Why BC Hydro always overestimates future power demand- Economist

Headquarters of the once-great BC Hydro

Just think about this for a second and let’s assume you have a small but nicely profitable business. For many years, you made a nice profit and it sustained your family needs. Suddenly, it starts to lose a bundle, and you’re advised that this is due to your incompetence, not bad luck, but you say to hell with them – we want that money, so we’ll borrow every year and because we have some assets, we will act as if everything was just peachy. You would, of course, reach the point where no one would  lend you money and you’re out of business.

That, my friends, is BC Hydro, with this wrinkle – they’ve not gone broke because their banker has to lend that money, whether he likes it or not – because the Banker is YOU, the public of British Columbia, who are forced to pay electricity rates to BC Hydro or be without power!

Think on this when you’re considering how to mark your ballot – as of now, Hydro owes $852 million to the government over the next three fiscal years in mandatory annual dividend payments and, not having the money, they must borrow it — which ratepayers will have to pay  — so that Hydro can meet government’s annual demand for a share of its non-existent profits, thus transferring the debt from us the taxpayers to us the ratepayers!

Did the poor, old, helpless government suddenly find itself in a position where global catastrophes or unforeseeable local conditions made it impossible for the poor Minister of Finance to do any better? Must we excuse the poor devil because he had no way of avoiding this calamity?

Usually, when financial disasters occur, a government has some sort of legitimate excuse.
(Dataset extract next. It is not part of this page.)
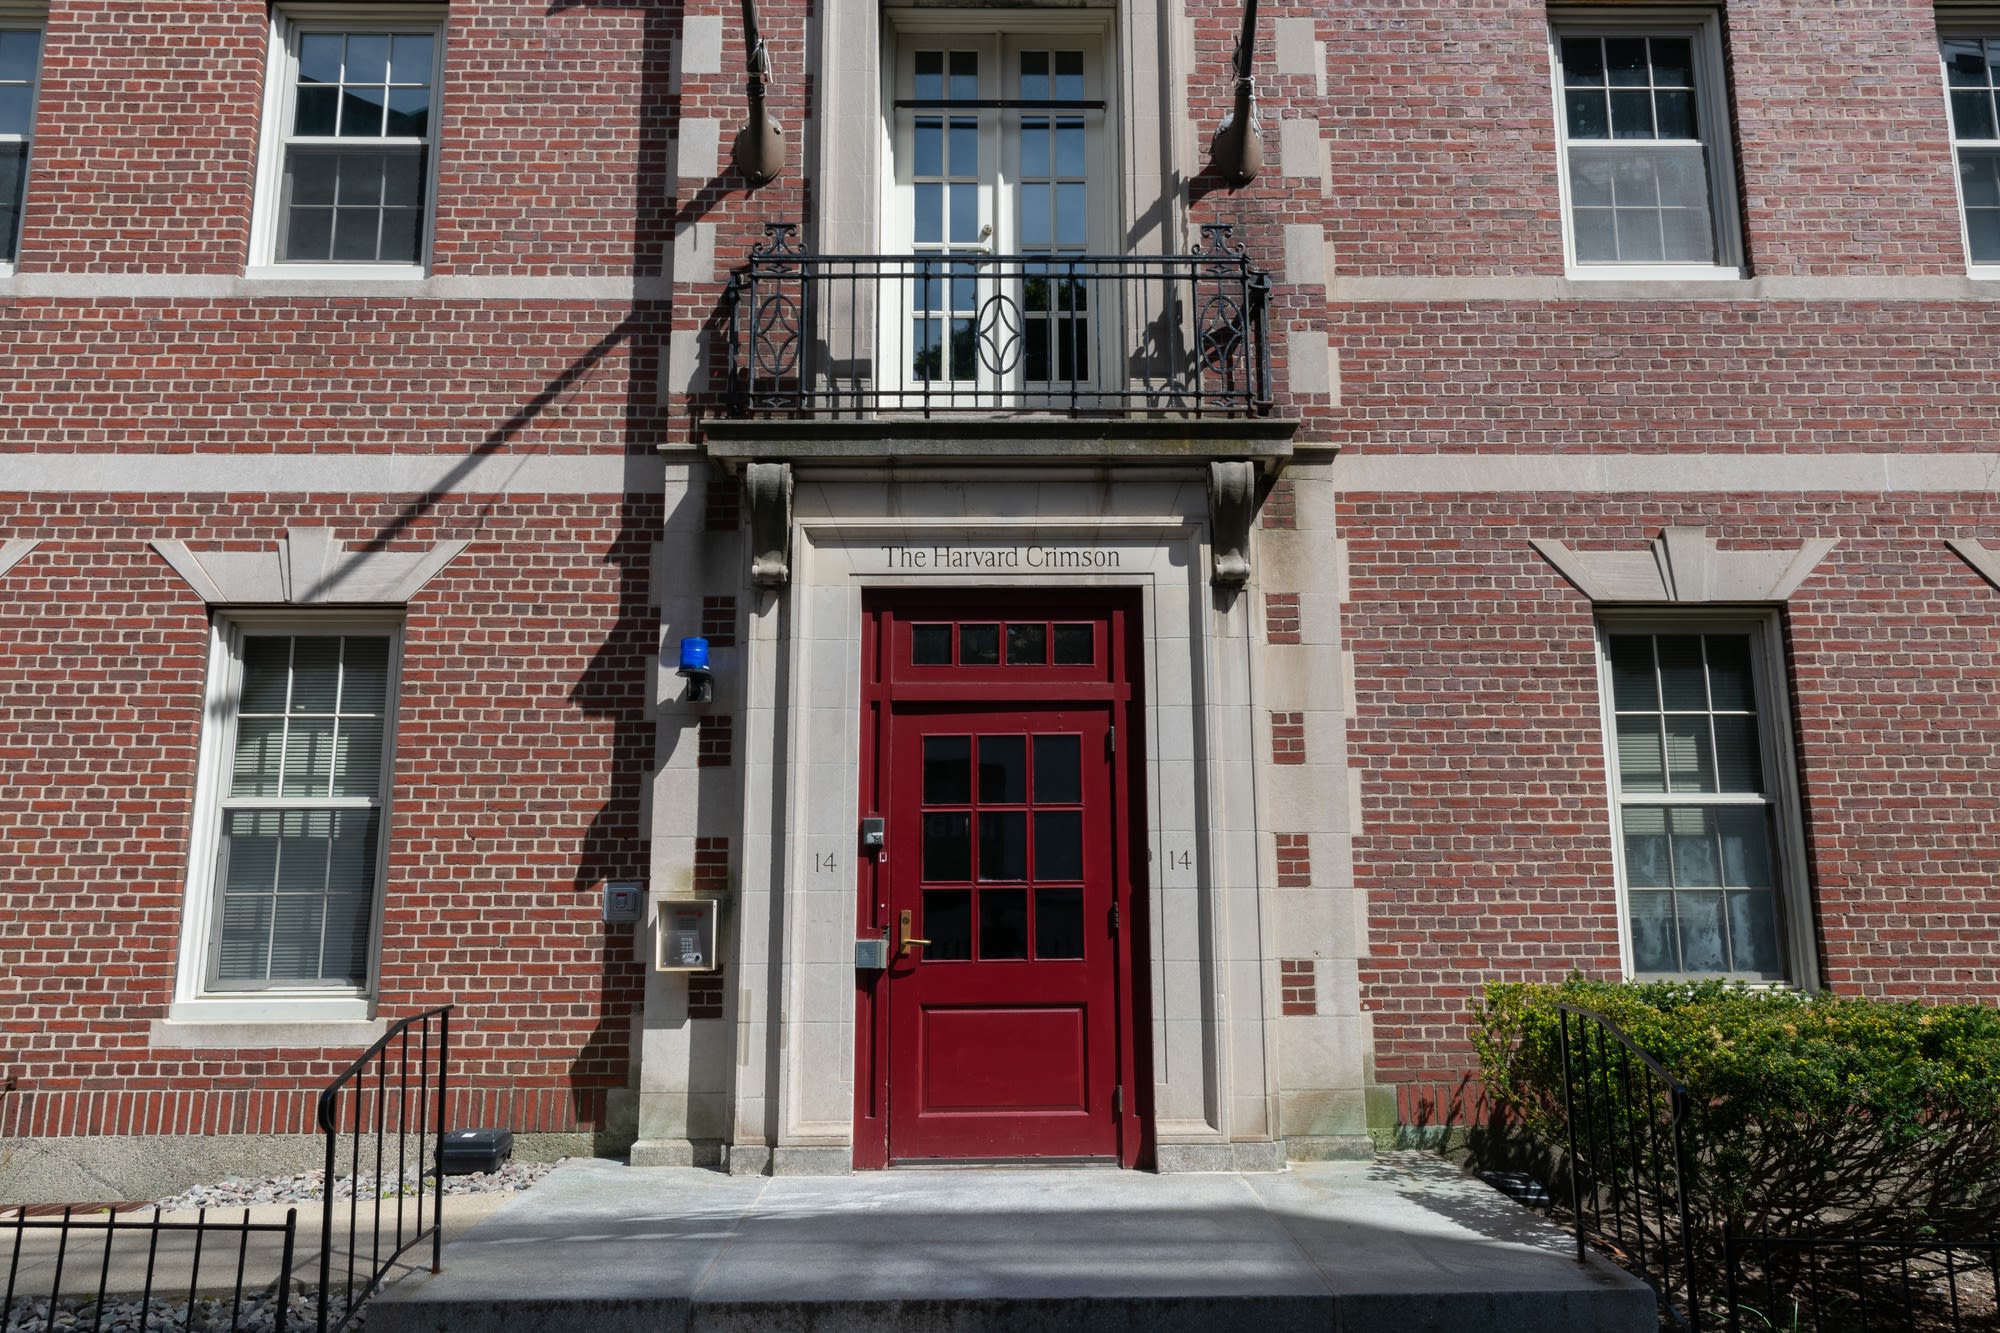 College Apologizes for Sending Involuntary Leave Notice to Harvard Crimson Reporter | News | The Harvard Crimson
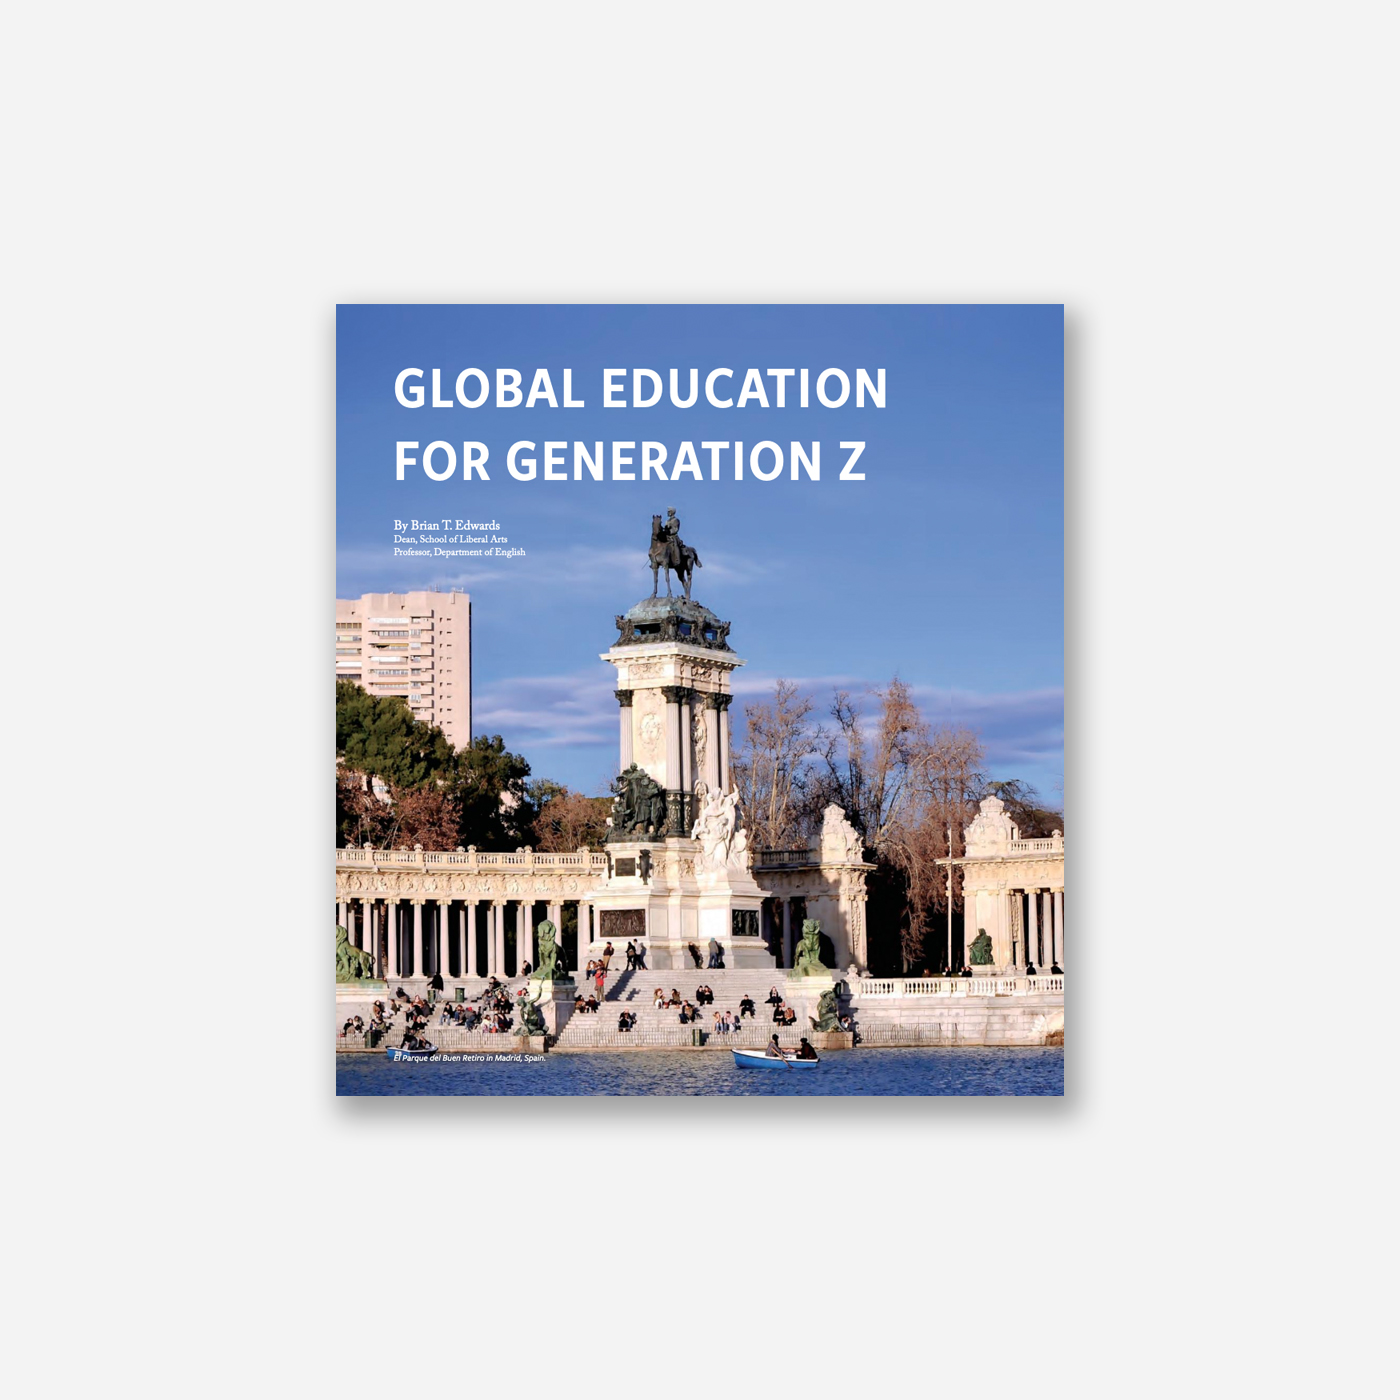 Global Education for Generation Z

This government of fiscal fuck-ups has no excuse and in the next column I’ll examine how this bankrupting of BC Hydro was deliberate, probably because of Gordon Campbell’s Fraser Institute philosophy that no government-owned company can perform as well as a private company and he set out to prove that with catastrophic results. What we will determine, however, is that it wasn’t all loss, as this disaster unfolded because friends of the government made and continue to make billions of dollars. I will place before you prima facie evidence of wrongdoing by someone, for which the Attorney-General, who’s supposed to be above politics, must authorize a thorough investigation.

That she has not even commented on, much less authorized, an investigation is not an encouraging sign.